Two Chinese brothers clawed their way out of a collapsed coal mine after surviving underground for nearly six days, shocking grieving relatives who had burned money for the men's souls to use in the afterlife, state media said Monday.

The China Daily newspaper ran a front-page story about the Meng brothers' miraculous survival, but official reports made little mention of a mining disaster in Shandong province that left 181 workers trapped in flooded coal shafts and presumed dead.

In that accident, Chinese media has focused on efforts to pump out water: There has been no word on the fate of the miners 10 days after they became trapped when a swollen river breached a dike.

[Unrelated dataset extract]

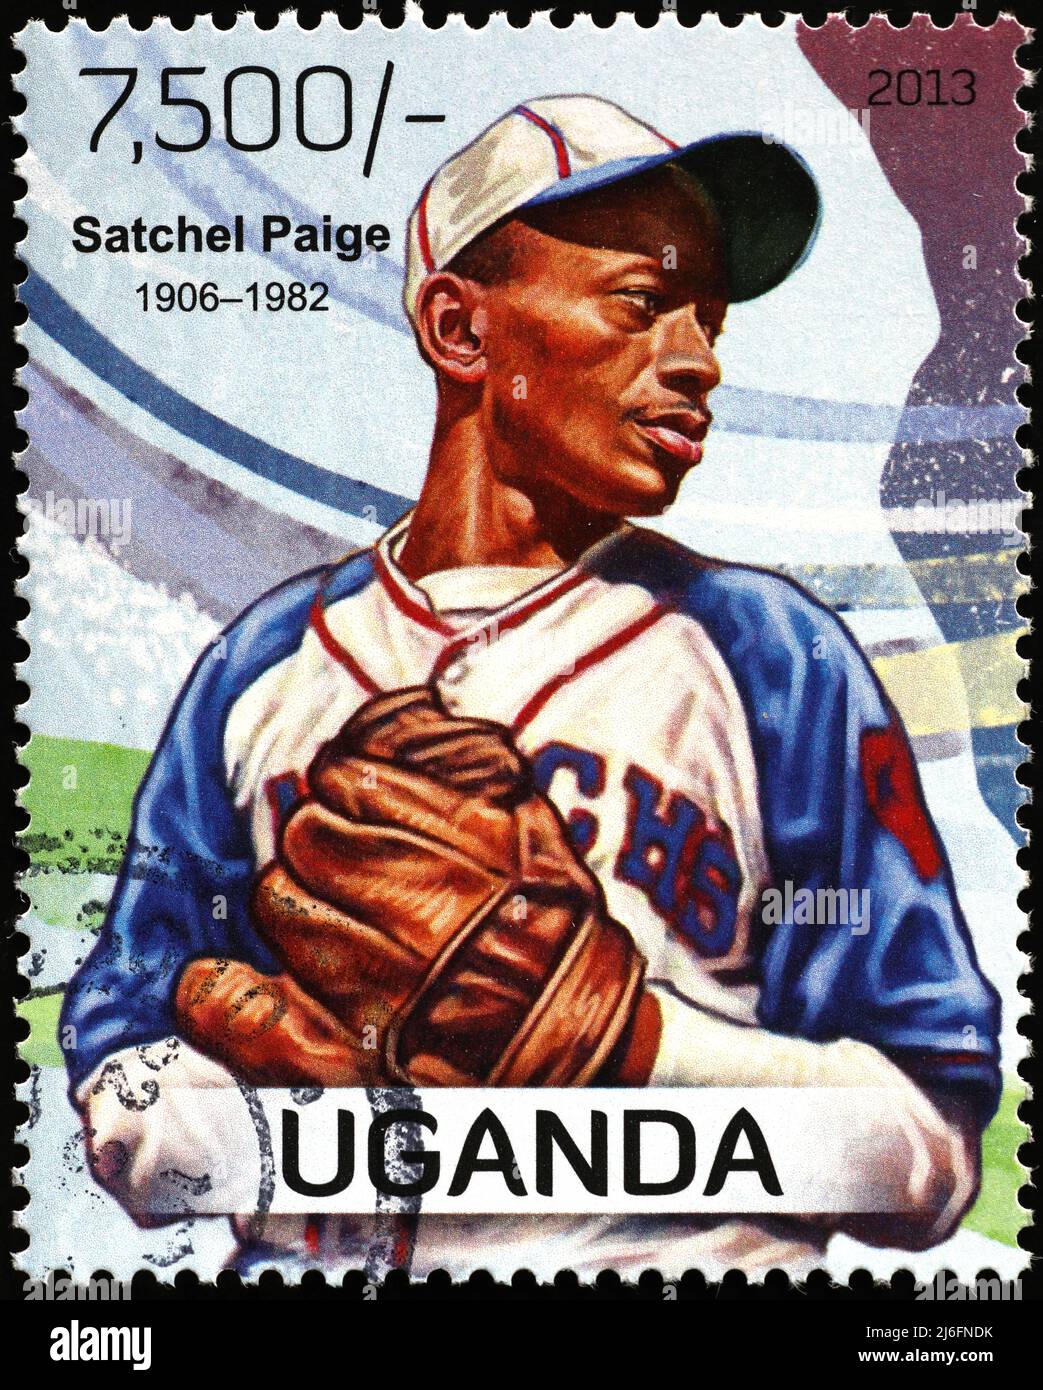 Il campione di baseball Satchel Paige sul francobollo Foto Stock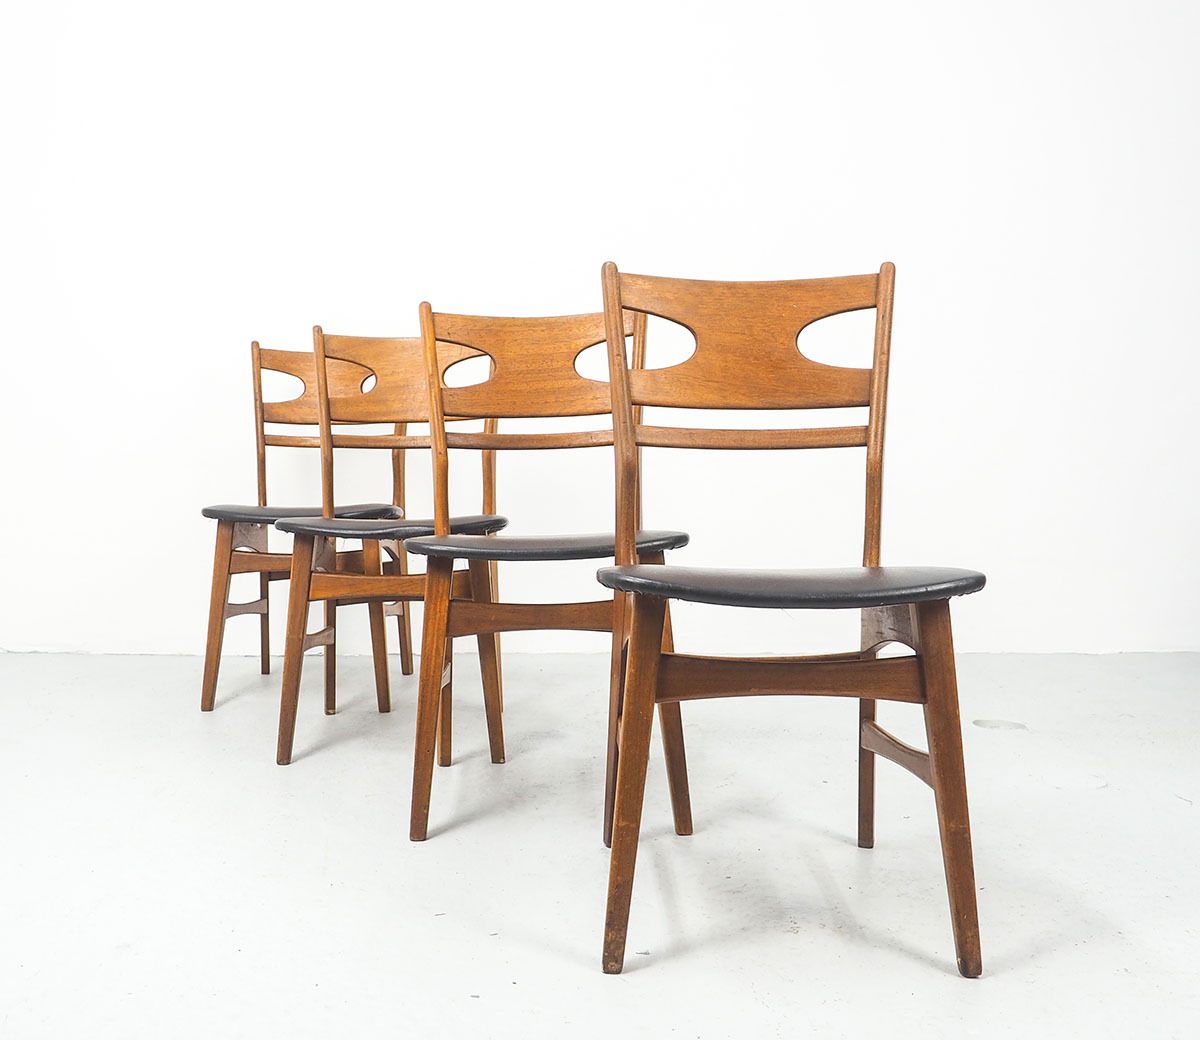 setteakskai2 Set Deens design stoelen teak skai, 1960'sDeens design, stoelen, teak, skai, 1960&#39;s, vintage, mid century design, eettafelstoelen,

Instead, the China Daily played up a report about Meng Xianchen and Meng Xianyou, who surfaced on Friday morning after more than 130 hours trapped in an illegal mine in Beijing's Fangshan district.

The men were trapped 35 to 40 yards away from the mine entrance but clawed their way out with a pick. They had no food and little water, drinking urine to survive, the paper reported, citing the Beijing News and Beijing Times.

Grieving relatives went to the mine entrance early Friday to burn ceremonial currency for the men's souls to use in the afterlife, and left food offerings of steamed buns, cakes and canned goods, the Beijing News said Saturday.

Hours later, word was received that the brothers had tunneled out.

"Then, we were too upset to eat. Now, we are too excited to eat," their brother Meng Xianfeng was quoted as saying. The Mengs suffered kidney damage from lack of water, but had no other major injuries, doctors said.

Rescue work was halted after experts said there was no chance that the brothers from Inner Mongolia had survived, the Beijing News said. Efforts to extract them would have put rescuers at risk.

The Southern Metropolis Daily, a paper in the prosperous southern city of Guangzhou, raised doubts about the rescue efforts. The newspaper, known to test the limits of China's press restrictions, said more details should be provided about how the rescue was conducted and why it was ended.

The editorial quoted an unidentified official as saying the decision to abandon search efforts was made collectively by authorities at the rescue command center. The paper quoted the official as saying, "This collective decision was based on an industry expert's assessment that there was no way someone could survive in the mine."

In the Shandong mine flood that trapped 181 workers — 172 workers in one pit and nine in another — the official Xinhua News Agency said late Sunday that 50 million yuan ($6.6 million) had been donated for the missing miners and their families.

The mines were still far from drained after 10 days, but there has been no official announcement on the miners' fates. Officials have said China would not give up on the 181 workers.